Here are five of his most misleading statements.

1. Redwood says EU nations “have more to lose from tariffs than us” recycling the cliché that our trade deficit with the EU means other EU countries would be impoverished if our free trade with Europe is dismantled. This is incorrect. EU exports to Britain are just 3% of the EU’s GDP, so we need the EU more than it needs us.

2. Redwood says farmers and universities “did get a bit of our EU money back, though most of it did not come home”. In reality, farmers are well-served by EU subsidies and will be worse off after Brexit, as the National Farmers Union has also indicated. Eliminating direct EU subsidies would cause income per farm to plummet by between €17,000 and €36,000 on average, depending on as yet unknown post-Brexit trade deals. Redwood advocates continuing payments to farmers, though the Treasury’s commitment to do so until 2020 does not go far enough. For universities, access to research networks and loss of EU students if they have to pay higher non-EU tuition fees post-Brexit, is as important as research funding, with some universities are considering opening branch campuses within the EU.

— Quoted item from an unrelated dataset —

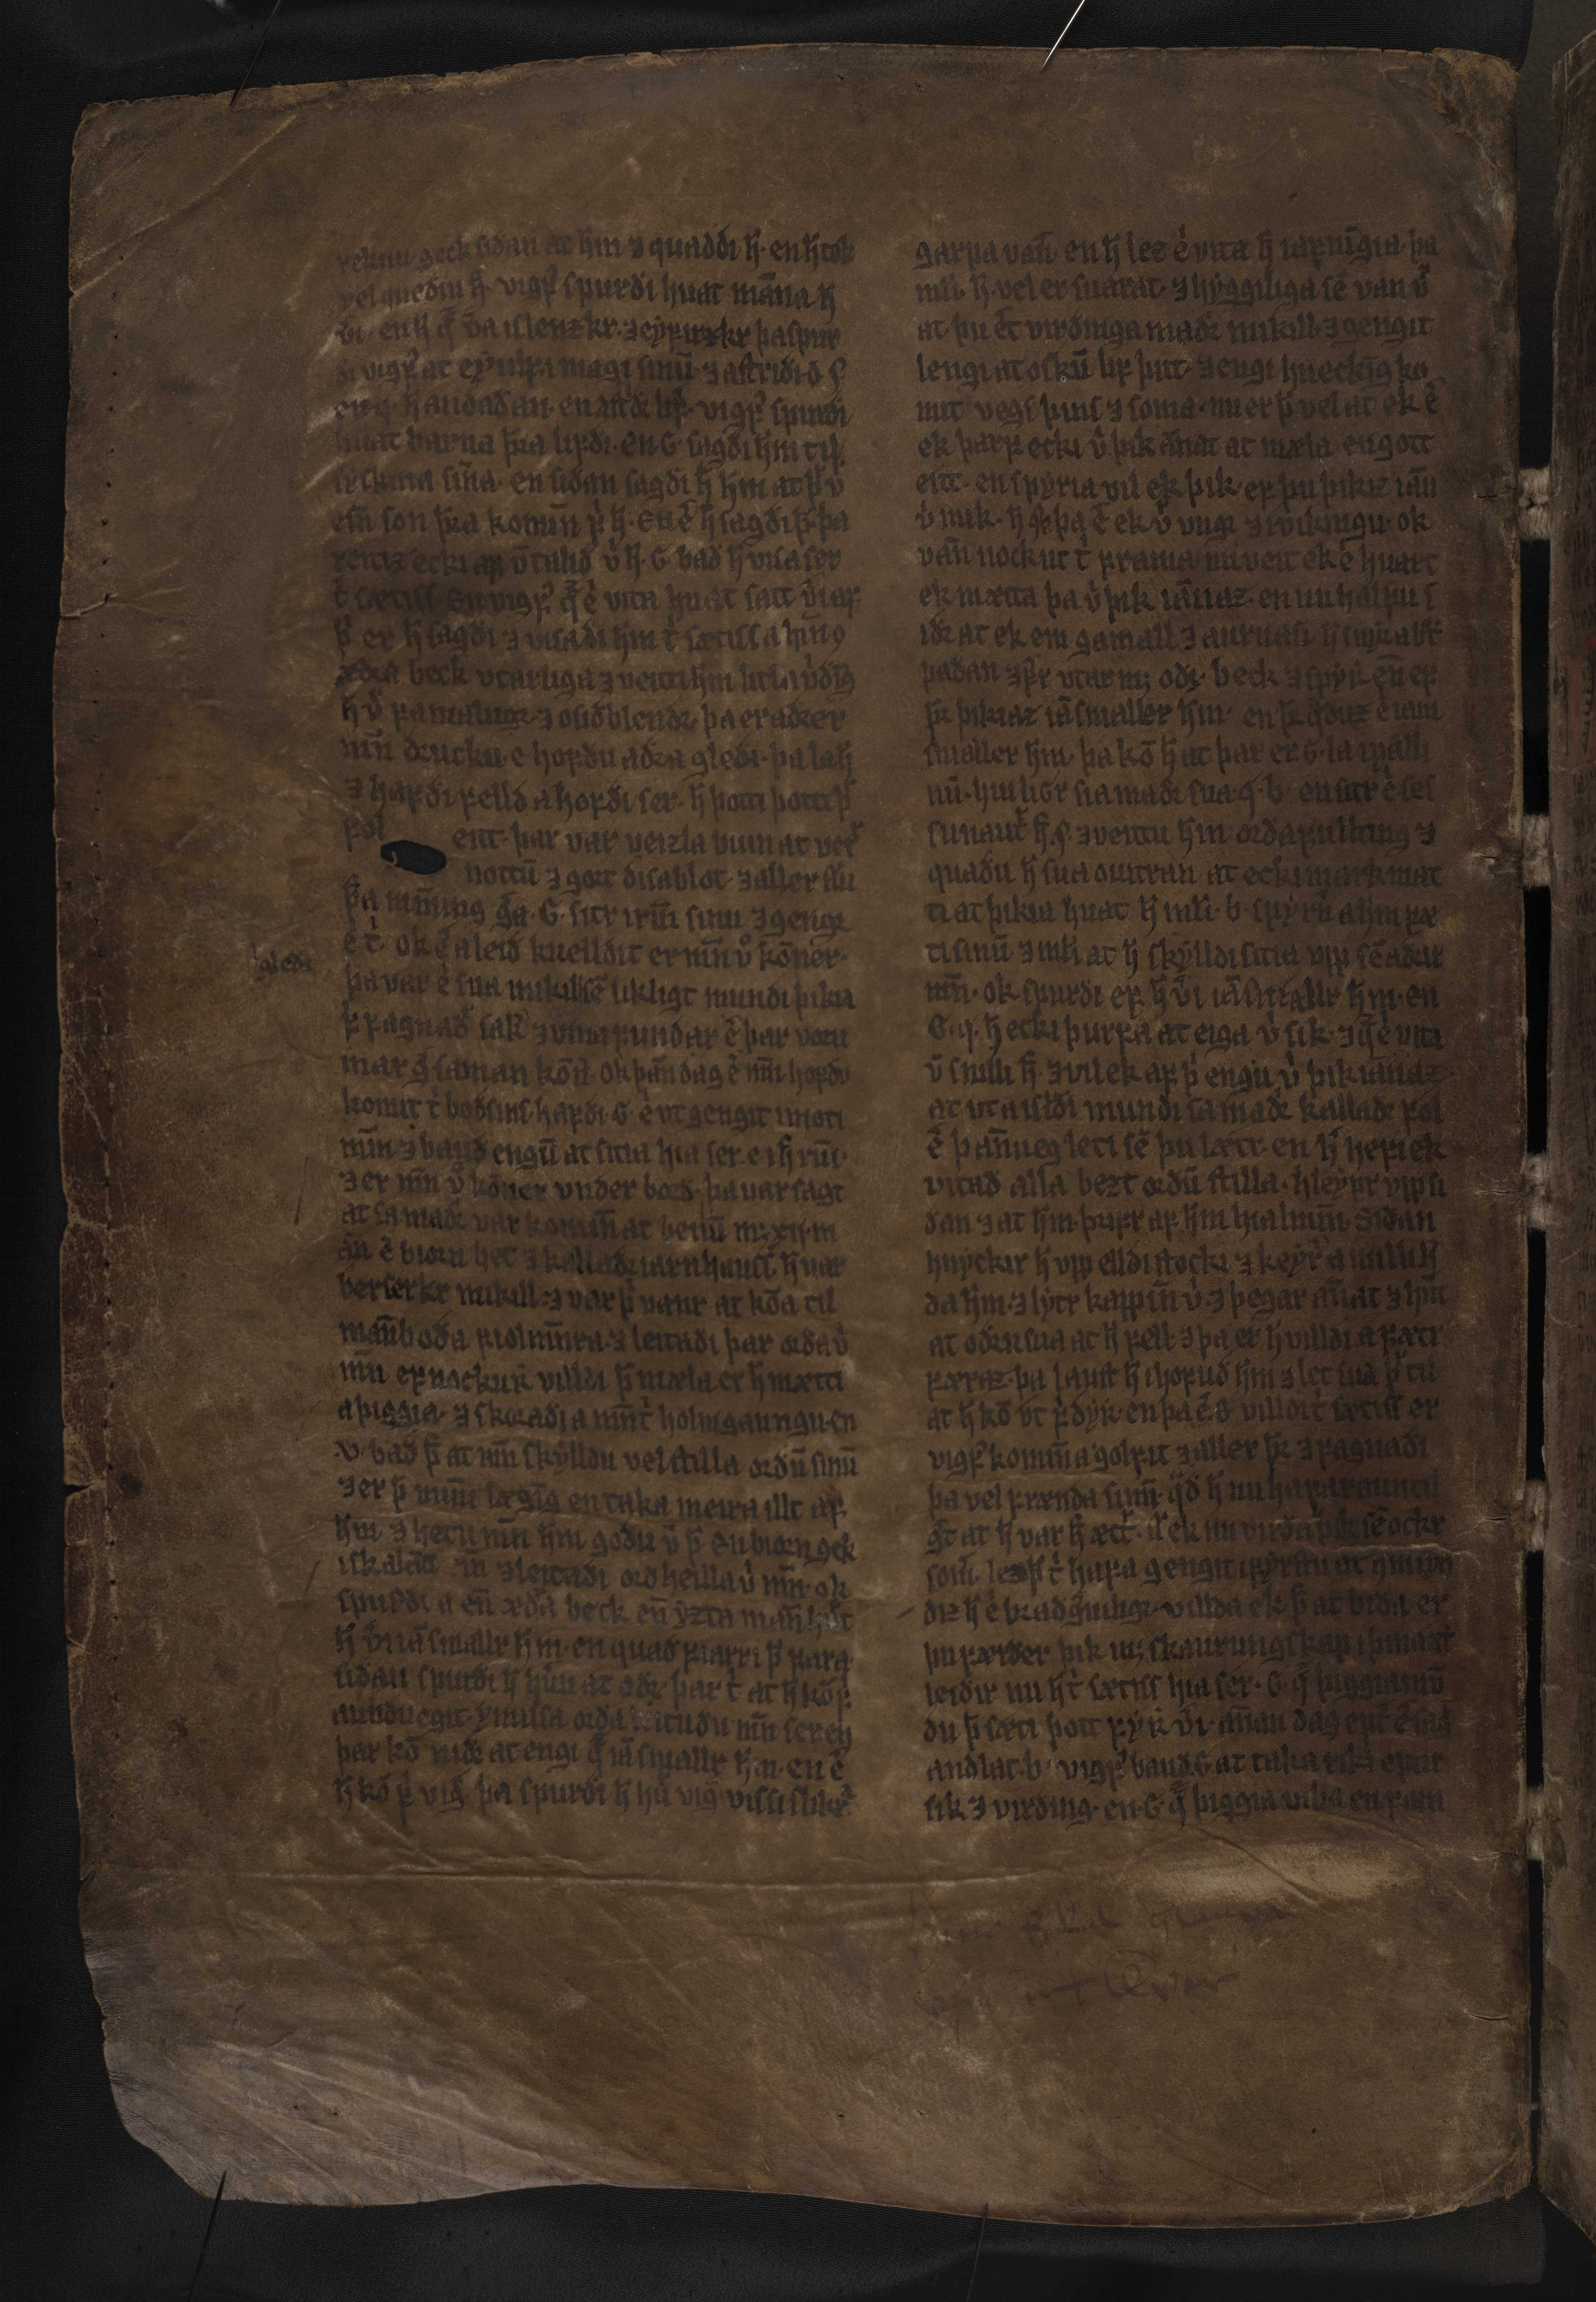 AM 132 fol - 131v

3. He states our net contribution to the EU is £11 billion a year – a massive climb down from the £350 million a week trumpeted by Brexiteers Boris Johnson and Michael Gove during the referendum campaign, but still wide of the mark. In fact, former prime minister Margaret Thatcher negotiated a rebate – an annual reduction in contributions – in 1984, which reduced our contribution by around £5 billion last year. Brussels also sends the private sector and UK government subsidies and grants from, for example, the Common Agricultural Policy. These grants amounted to £4.4 billion in 2015. Factoring in such payments puts the cost of membership at around £7.1 billion annually, or 30p per person per day.

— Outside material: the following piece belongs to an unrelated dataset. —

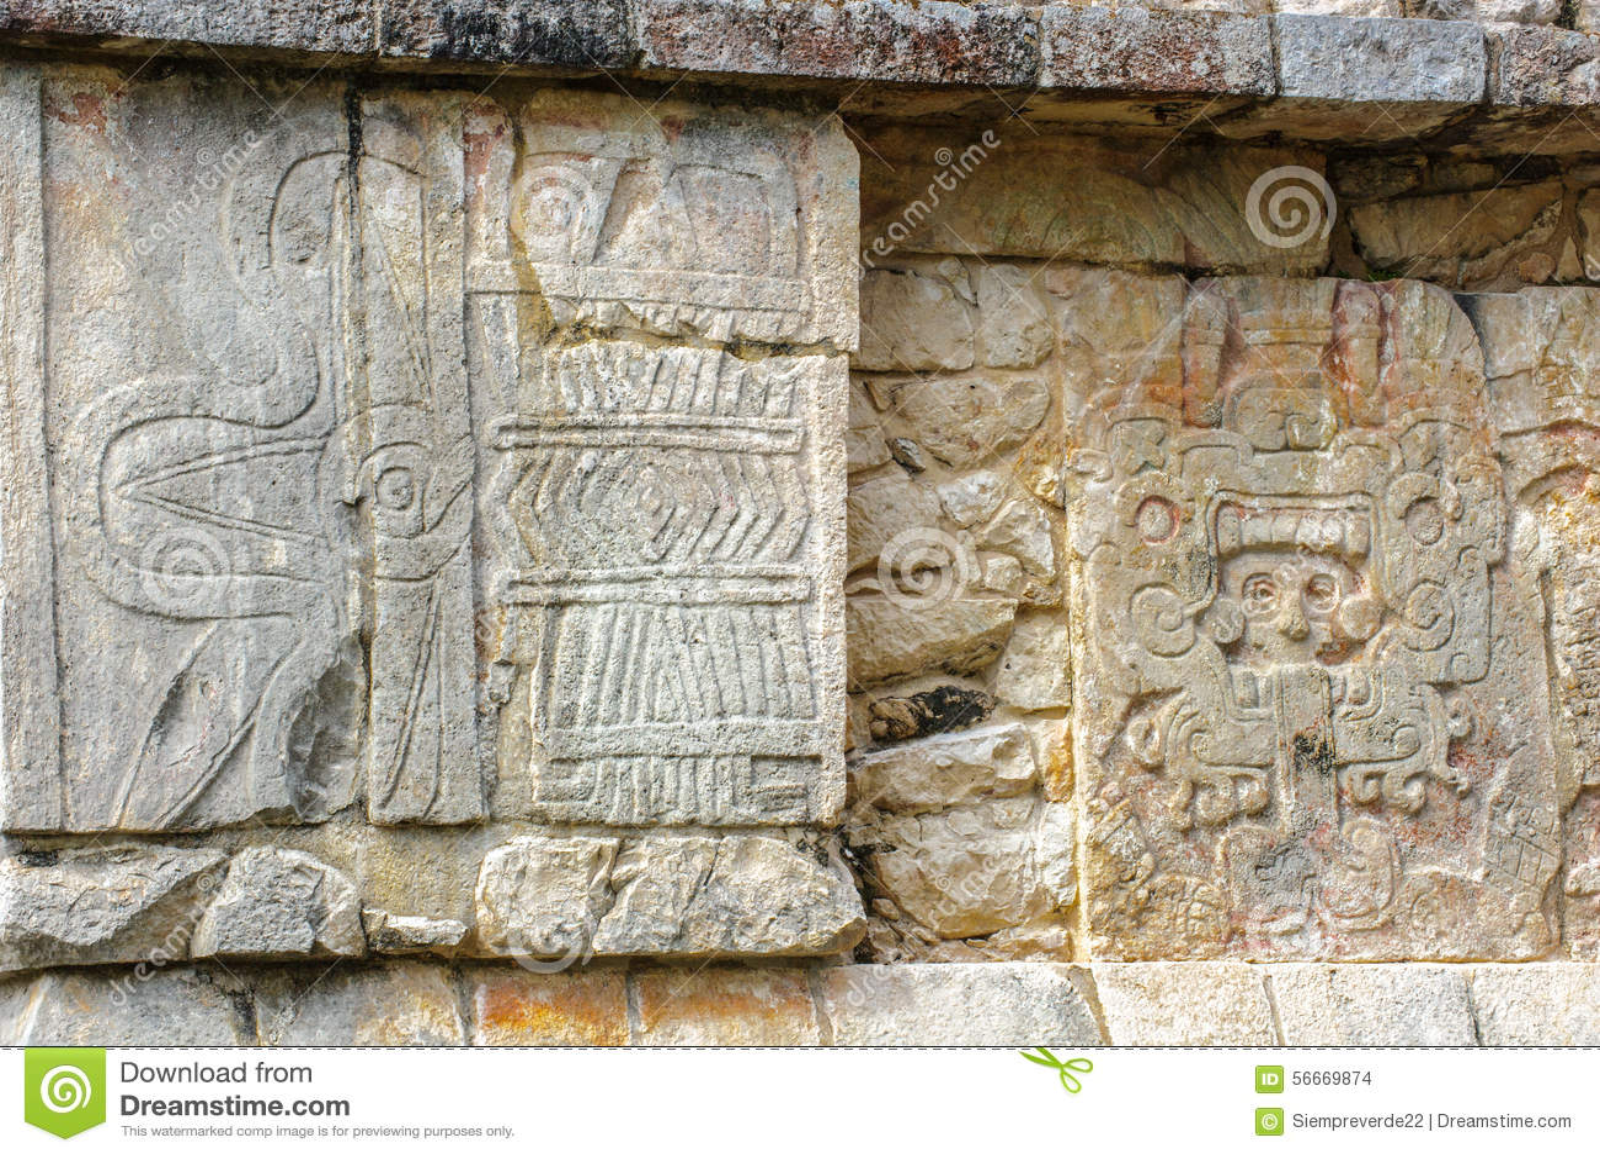 Chichen itza a large pre columbian city built by the maya civil royalty free stock photo buycottarizona

4. Redwood asserts the EU has unfairly imposed VAT on Britain, “in ways we do not like”. However, while VAT harmonisation enables equitable free trade between within the single market, Britain still retains some power to reduce VAT.

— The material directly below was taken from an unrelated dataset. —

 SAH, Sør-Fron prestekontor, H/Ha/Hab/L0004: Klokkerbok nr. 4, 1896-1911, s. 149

5. He argues the money saved from EU membership costs “can be spent on the NHS”, In reality, if we lose full access to Europe’s markets, which account for half our trade, we’d have less to spend on the NHS, not more. In addition, restrictions on free movement could harm the NHS. One in 10 doctors, and 4% of nurses are from another EU country.

This article was corrected after publication. An earlier version stated that chancellor George Osborne failed to scrap the tampon tax, despite an EU proposal to relax the regulations. The commission is still to put forward the legislation on the zero VAT issue. In addition, “egregious fallacies” was changed to “misleading statements”.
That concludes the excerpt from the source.